Una ‘miss’ muy tecno
La cantante mostrará este viernes en Oviedo su imagen más moderna y futurista en la plaza de la Catedral.

La rubia más famosa del panorama musical español llega esta noche a Oviedo dispuesta a que sus incondicionales no paren de
bailar.

Marta Sánchez, ex cantante del mítico grupo Olé-Olé, deleitará a todos los que acudan a su concierto gratuito en la plaza de la Catedral con los temas de Miss Sánchez, su último y discotequero trabajo.

La artista está en su mejor momento y luce pletórica.  «Soy muy feliz con mi marido y mi hija», aclara en una entrevista que concedió a20 minutos. Su pequeña, a la que ha dedicado uno de los temas del álbum, tiene ya cuatro años y empieza a ser consciente de quién es su madre.

En estos veintiún años de carrera, Marta asegura sentirse «un poco harta de lo acústico, el cuerpo me pedía tecno». Así, con su último disco, Miss Sánchez, se ha atrevido a adaptar con un estilo muy personal canciones de otra época, como las de la banda Depeche Mode. Además, canta a dúo con otra compañera y superviviente de la movida madrileña, Alaska.
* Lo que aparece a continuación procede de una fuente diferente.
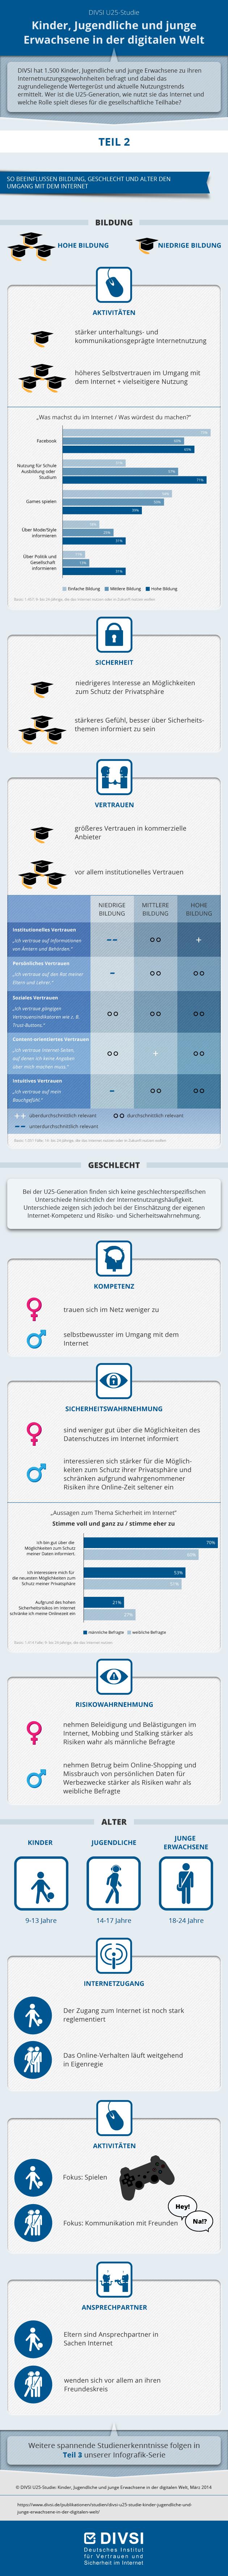 DIVSI Infografik U25-Generation in der digitalen Welt - Einflussfaktoren Bildung, Alter, Geschlecht

También tiene un tema del desaparecido Tino Casal.

Los ovetenses podrán escuchar esta noche en directo estos temas, entre los que se incluye su éxito Tengo para ti, que ha roto las pistas de baile este verano.

Dedicado a su hermana

Este nuevo trabajo, fruto de dos décadas en el mundo discográfico, ha querido dedicárselo a Paz, su hermana melliza, que falleció hace tres años a consecuencia de un cáncer. «Nunca he dicho que le dedicase este disco a mi hermana, pero claro que se lo dedico, éste y cada paso que doy. Ya estoy más repuesta, pero esa falta no termina por superarse nunca».

* Hoy, a las 21.30 h. Plaza  de la Catedral. Gratis.

«No falto al gimnasio»

Para mantener su espectacular figura, aun habiendo sido madre, Marta Sánchez acude al gimnasio siempre que puede. Asegura que «una vez vi cómo mi amiga Claudia se había hecho un gimnasio en su dormitorio. Yo le dije que me parecía un horror martirizarse de esa forma. Ella sonrió y me dijo: “Cuando pases la barrera de los 35 tendrás que hacerlo”. Y así ha sido». Y añade: «Siempre he odiado el gimnasio, pero ahora sé que no puedo faltar».